Advanced Scraping: Forms and Pagination
Scrapethissite.com includes more complex examples that require interacting with the page before scraping. Let‘s tackle the Pagination + Search exercise.
The goal is to search for a specific team, "New York Rangers", navigate through the paginated results, and extract each year and number of wins.

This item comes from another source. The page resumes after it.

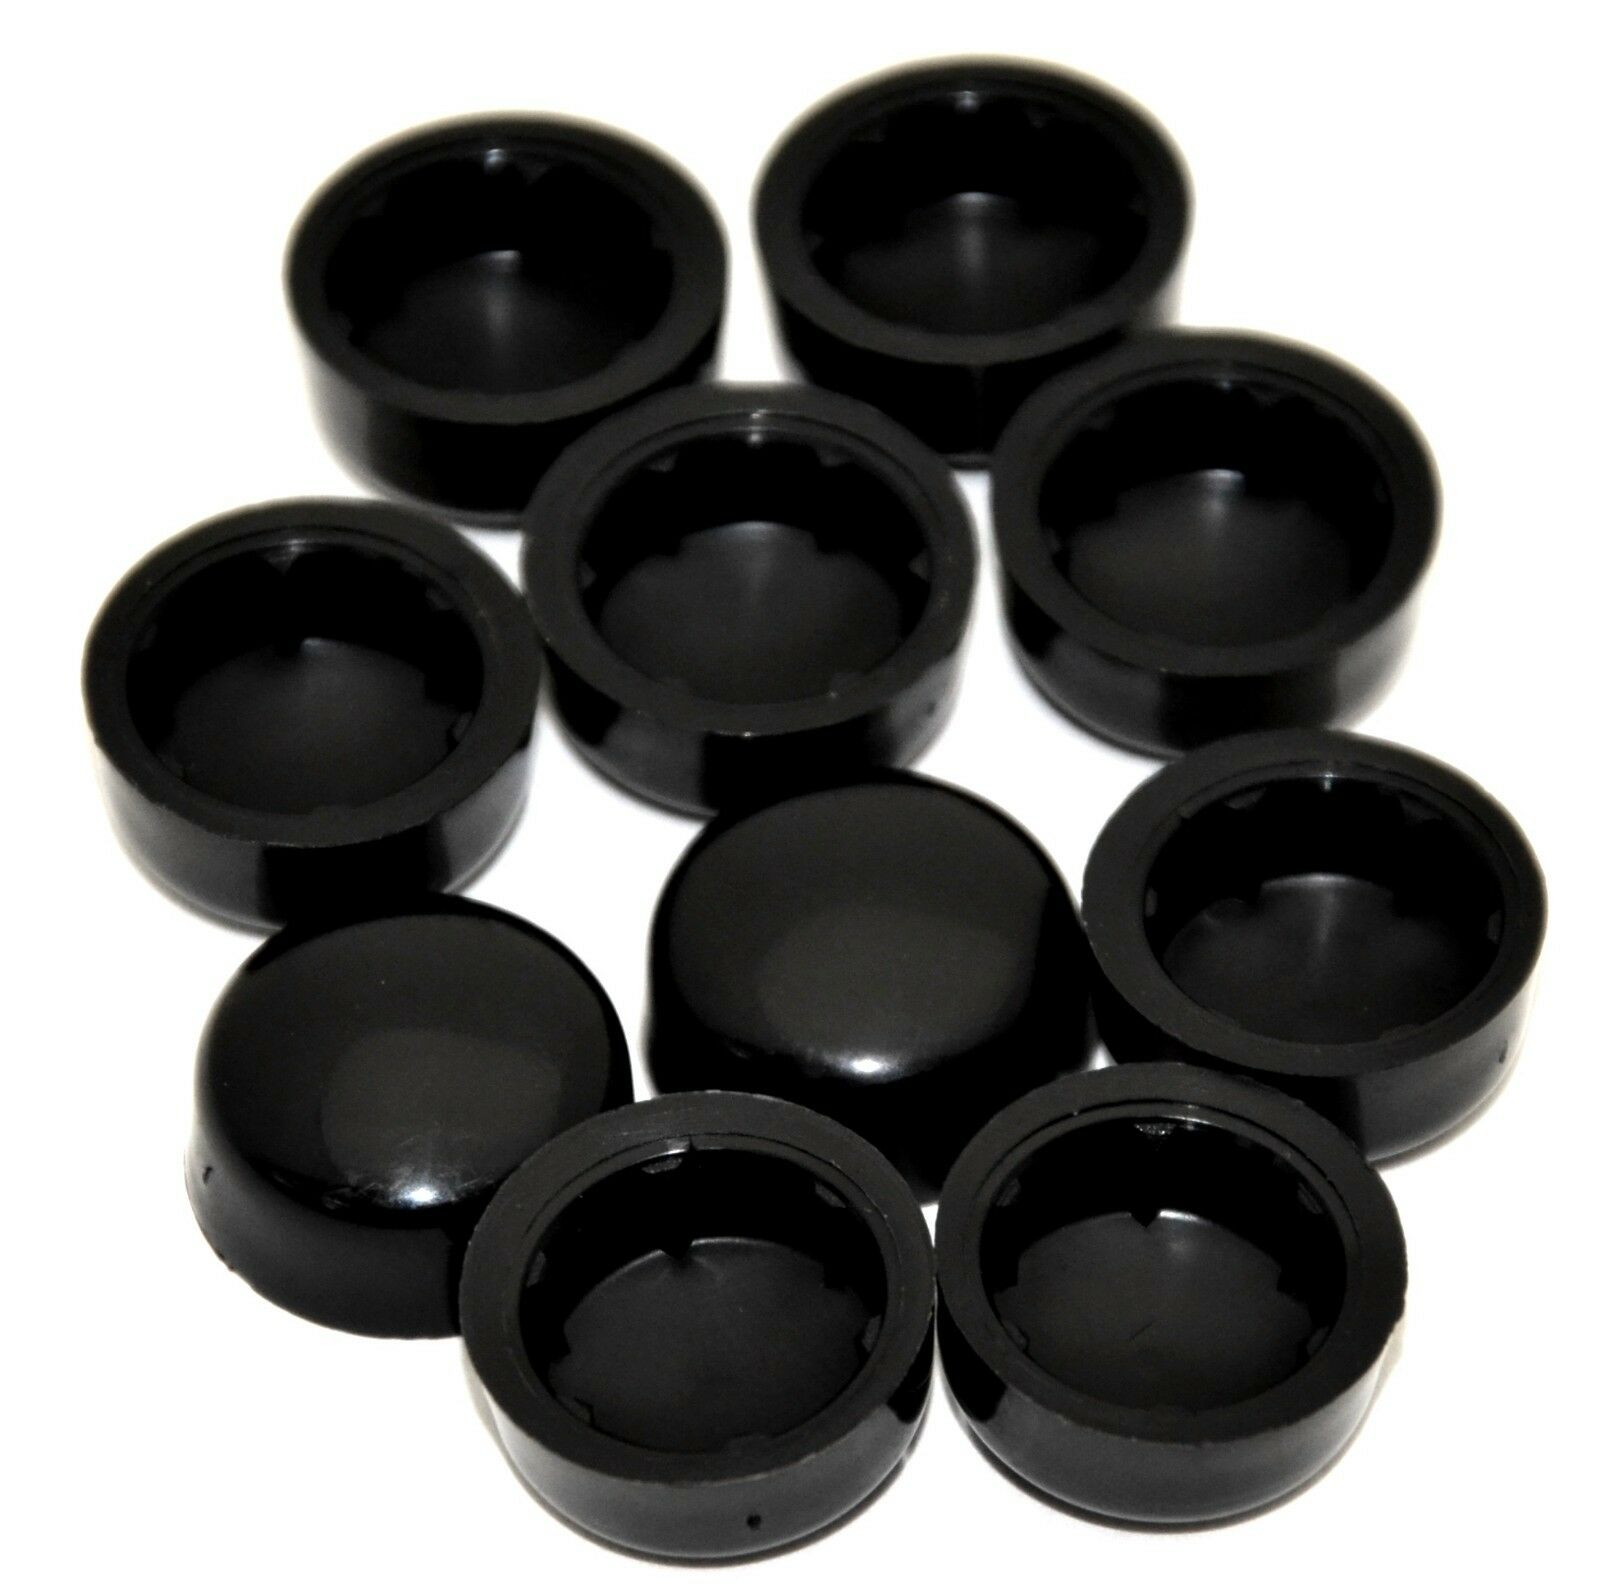 Hex Head Bolt Nut Cover(10) Dome Style 7/16" Black Plastic Finish Push On

Here‘s how we can implement this:
HtmlPage startPage = client.getPage("https://scrapethissite.com/pages/forms/");
// Fill out the search form
HtmlForm form = startPage.getFormByName("hockey-form");
form.getInputByName("team").type("New York Rangers");
HtmlSubmitInput submitButton = form.getInputByName("submit");
HtmlPage currentPage = submitButton.click();
int totalWins = 0;
int pageNumber = 1;
// Keep crawling until we reach the last page
while (true) {
System.out.printf("--- Page %d ---\n", pageNumber);
List<HtmlElement> rows = currentPage.getByXPath("//table/tbody/tr");
for (HtmlElement row : rows) {
String year = row.getFirstByXPath(".//td[@class=‘year‘]").getTextContent();
String wins = row.getFirstByXPath(".//td[@class=‘wins‘]").getTextContent();
totalWins += Integer.parseInt(wins);
System.out.printf("%s - %s wins\n", year, wins);
}
// Check if there‘s a next page link
HtmlAnchor nextLink = currentPage.getFirstByXPath("//a[@class=‘next‘]");
if (nextLink == null) {
break;
}
// If there is, click it to navigate to the next page
currentPage = nextLink.click();
pageNumber++;
}
System.out.printf("Total wins: %d\n", totalWins);
Step by step:
-
We start by loading the forms page and locating the search form by its name, "hockey-form".
-
We find the text input for the team name, fill it with "New York Rangers", and click the submit button to load the first page of results.
-
We enter a loop that continues until there are no more "next page" links. Inside the loop:
- We find all the table rows containing team data using an XPath selector.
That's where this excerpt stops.